I agree with Greg. The simplest problem from one OS to another is fonts. While you can installed Microsoft licenced fonts in linux out of the box this isn't the default eg. Arial.
Even then just look at Safari for windows verusus Safari for Mac. Apple has their own implementation of the licenced MS fonts, as such the same font (eg arial) on Windows is not the same as on Mac.

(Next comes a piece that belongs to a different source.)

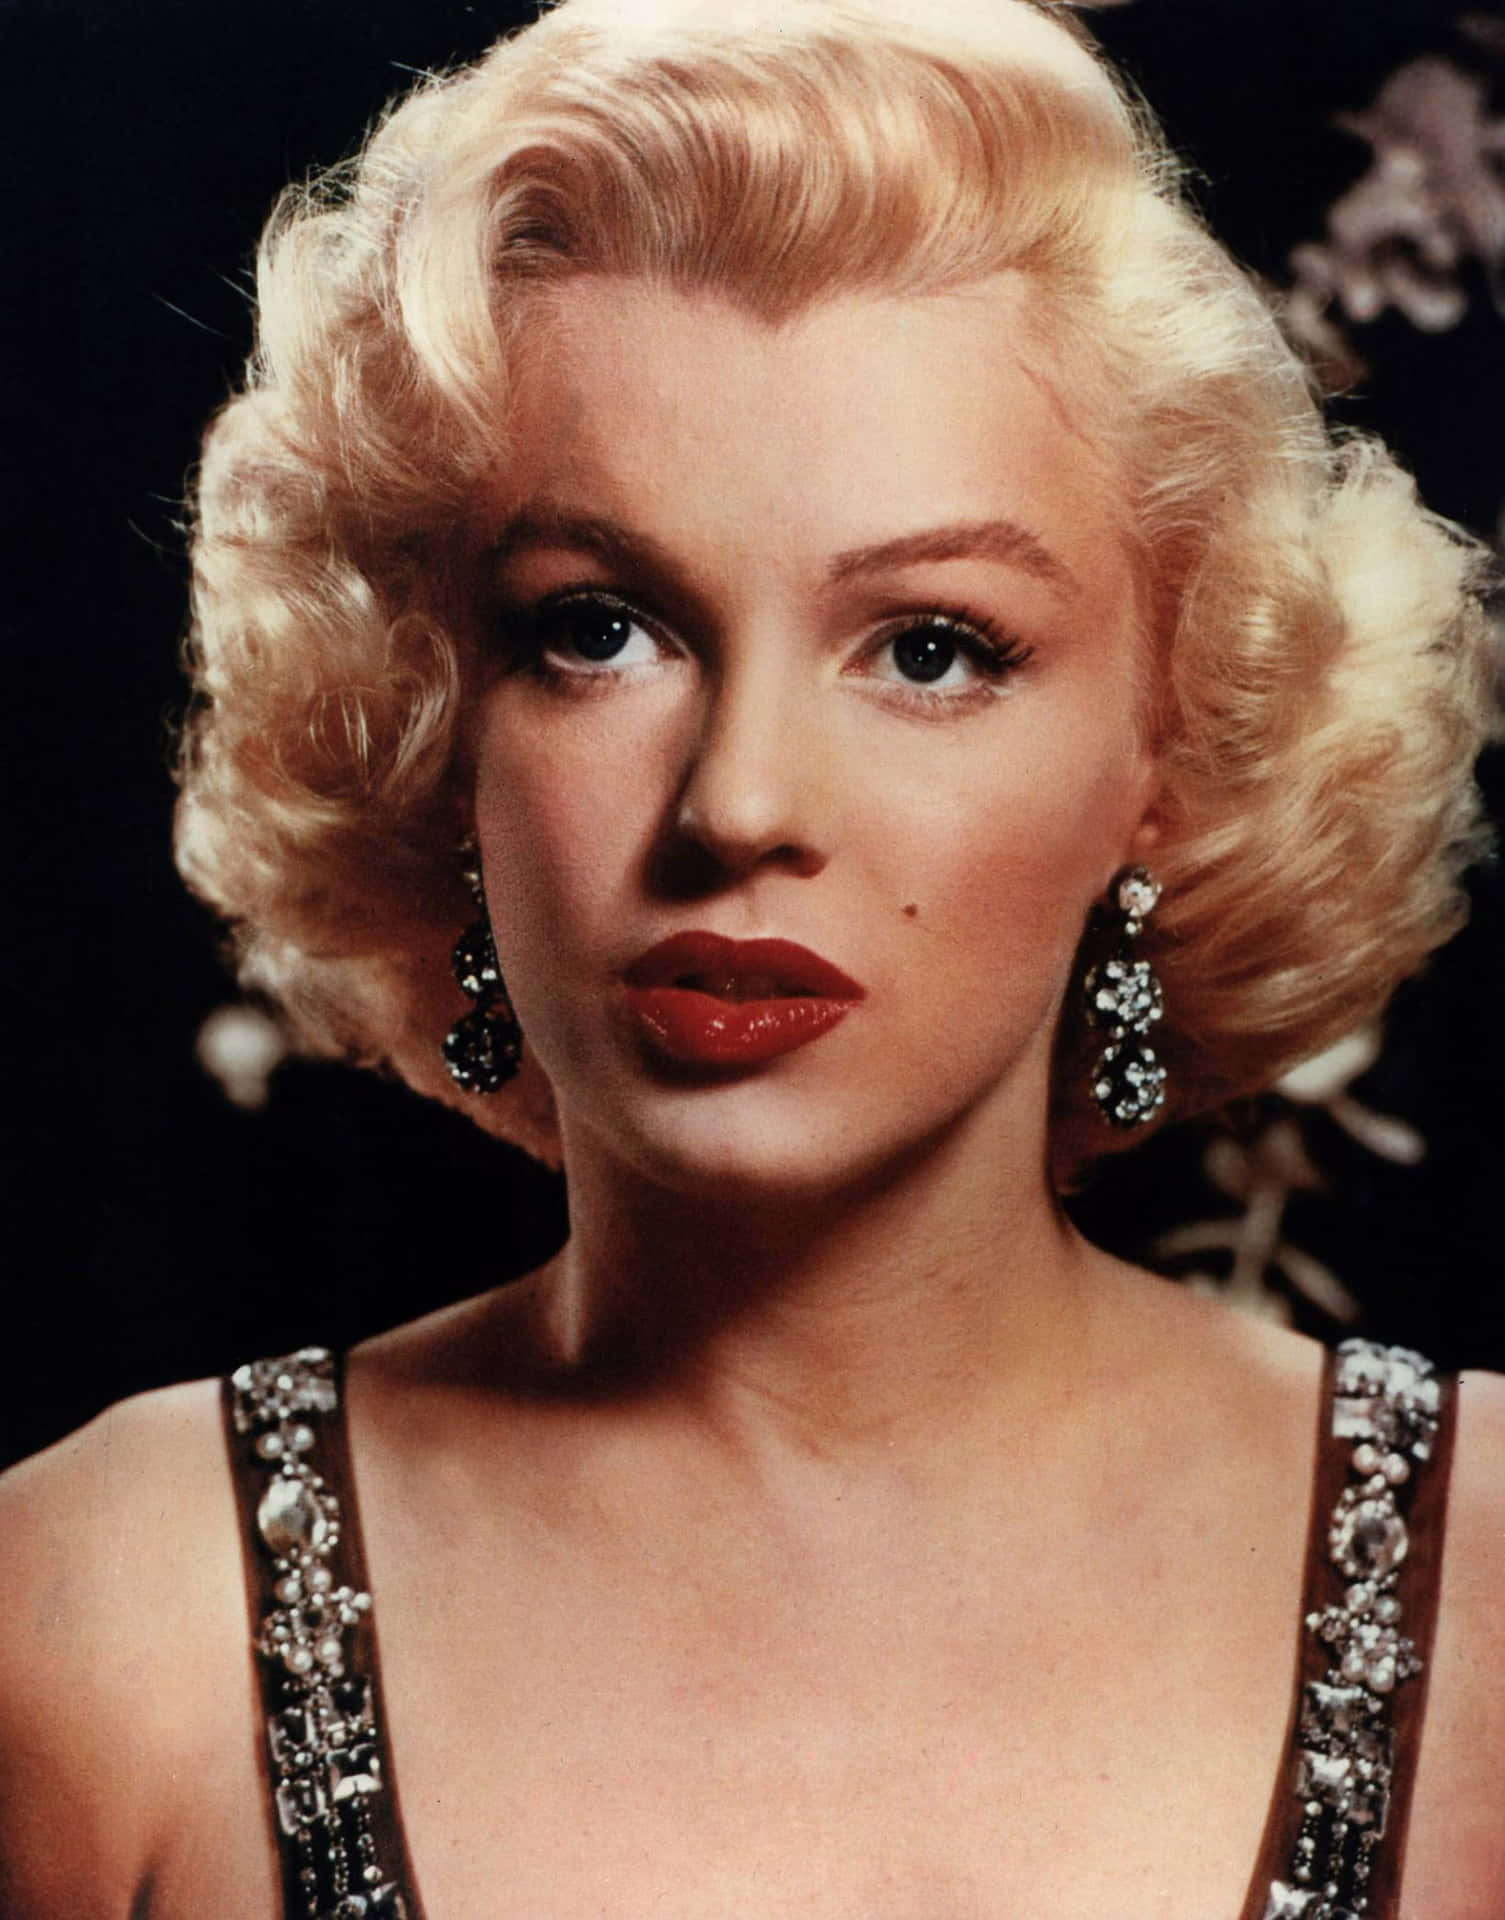 Klassischeschönheit - Marilyn Monroe

This can also be the case on linux if a slightly different implementation of the font is installed.
That aside, all the chrome ( toolbars, buttons, titlebar etc ) are different from one OS to another, so if you're a good developer and try really hard to word your content and fit your layout so that most people don't have to scroll just for two or three lines, then without actually viewing the page in the target OS you're really just doing half the job.
If you can get your head around it, try something like virtualbox and have a set of virtual machines, which you can run one at a time and test fully how each browser will work with your pages. A few things to note: as much as we ALL hate IE6, if your sites are going to be viewed by a company / organisation, chances are they'll still be on IE6, even worse is that there are TWO versions on IE6 which do operate slightly differently, notiable IE6 from XP ( no service packs installed ) and IE6 from XP SP2. Then you've got the default install that is Vista with IE7 ( which can look different and operate differently to IE7 on XP), and the default install in Win7 which is IE8. REALLY importantly is that it is known that some CSS on IE8 in XP is different to IE8 on Vista or Win7.
We (unfortunately) have as part of our testing 7 Win vm's to test just IE, then two for Firefox on windows ( FF 3.0 and 3.x - the latest ) plus two vms for Chrome and two vms for Safari on windows. Admittedly we promise our sites will work on all these browsers in our projects if the client chooses to at an additional cost.